#### Work to complete
All that should come back is the lines of the data below from the one containing "75 Trippy Landscape" to the one containing "WCC_Artarmon Pavilion_3D View_Page_1.jpg", inclusive, exactly as they stand.

#### Extracted data
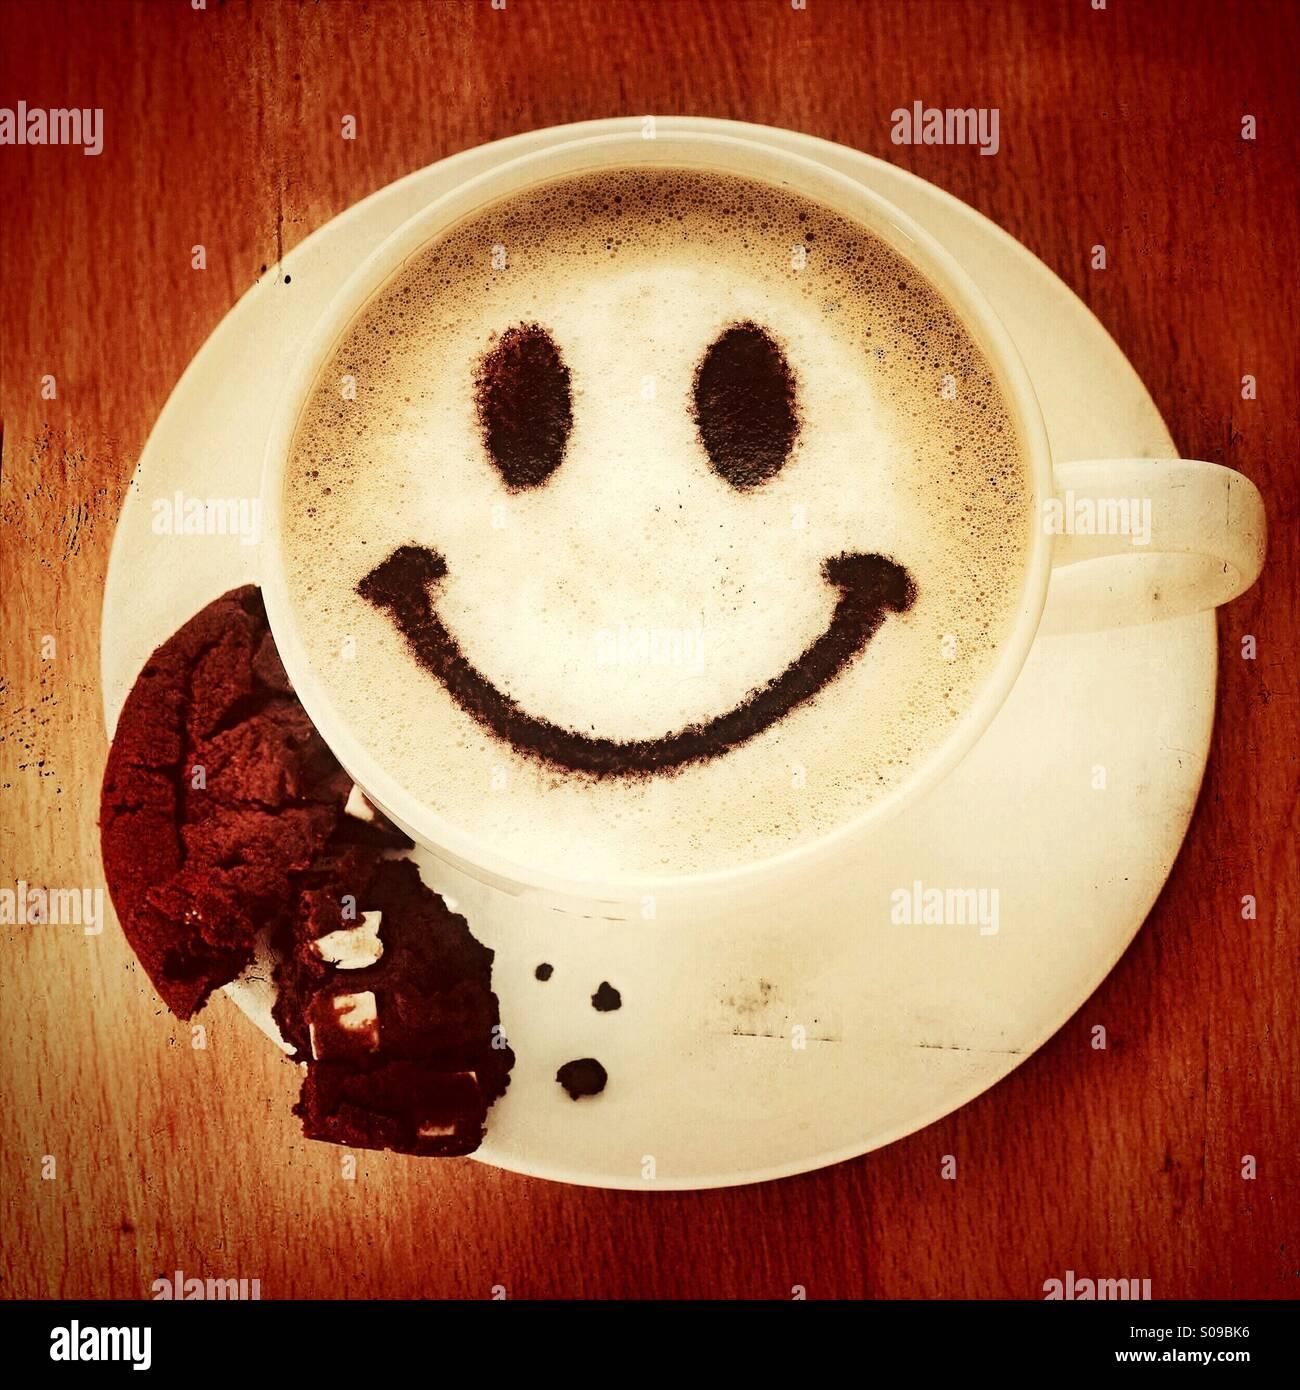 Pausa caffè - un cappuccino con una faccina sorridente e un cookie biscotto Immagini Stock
--
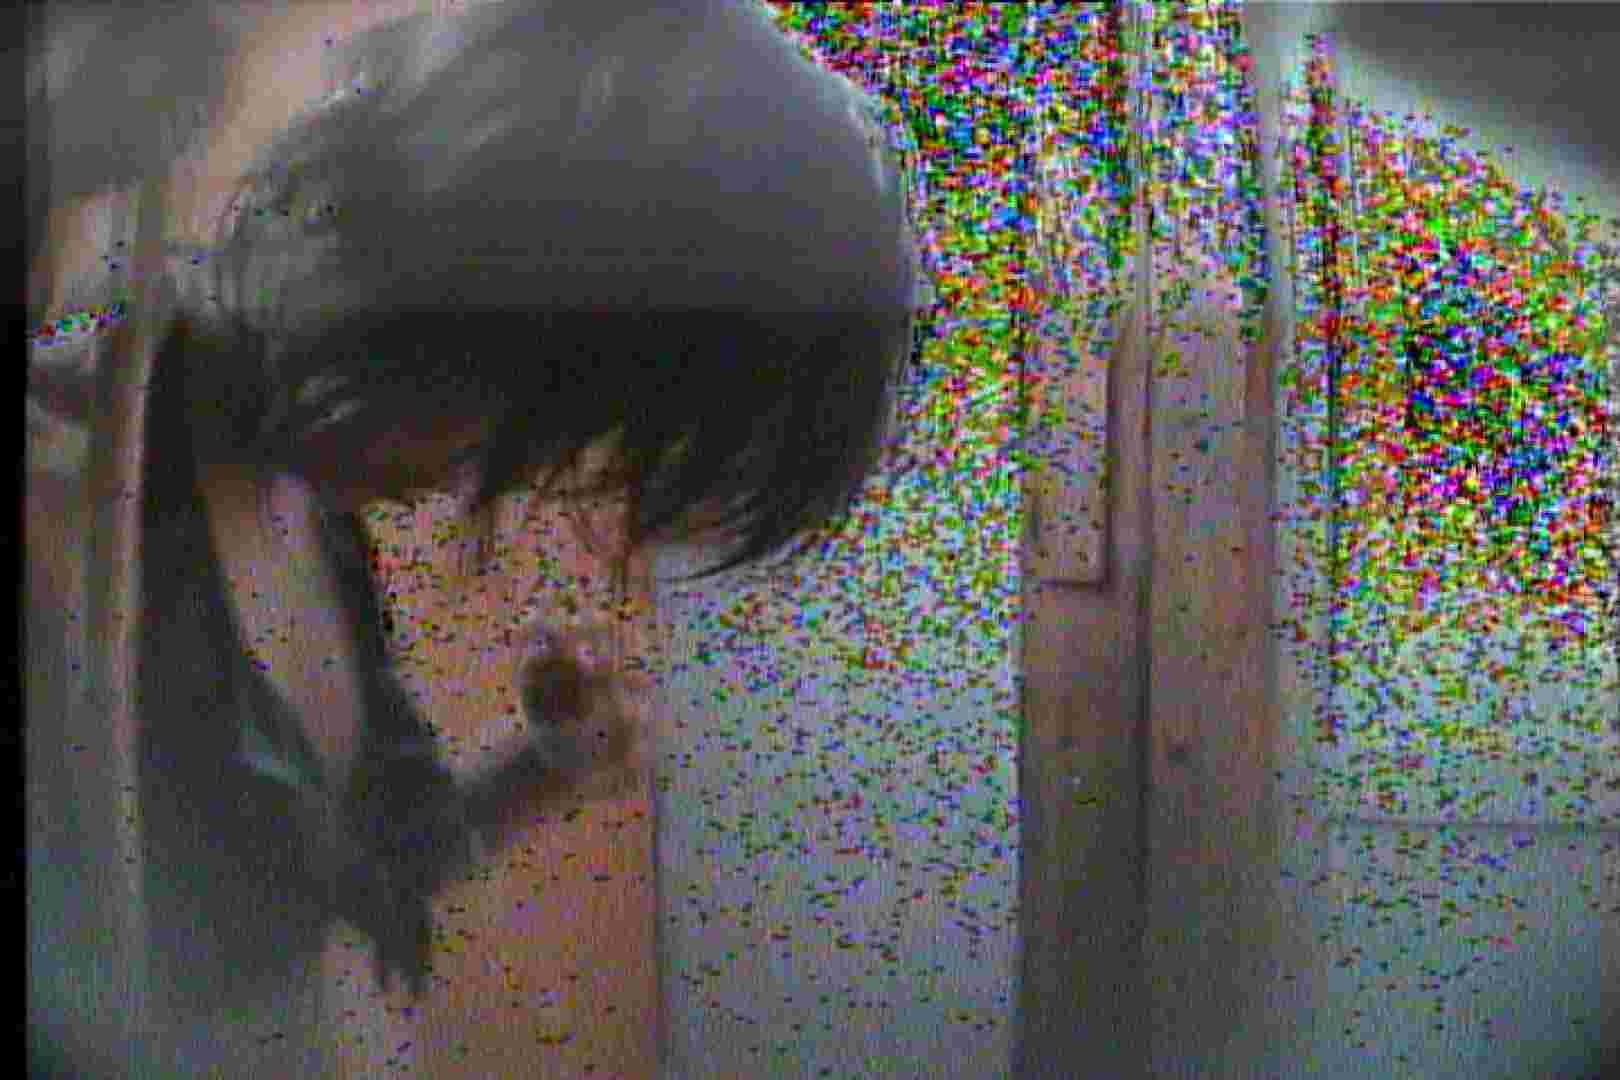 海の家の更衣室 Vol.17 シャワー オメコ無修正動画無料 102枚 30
...
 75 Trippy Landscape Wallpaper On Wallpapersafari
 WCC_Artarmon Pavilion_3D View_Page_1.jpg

#### Answer section
 75 Trippy Landscape Wallpaper On Wallpapersafari
 WCC_Artarmon Pavilion_3D View_Page_1.jpg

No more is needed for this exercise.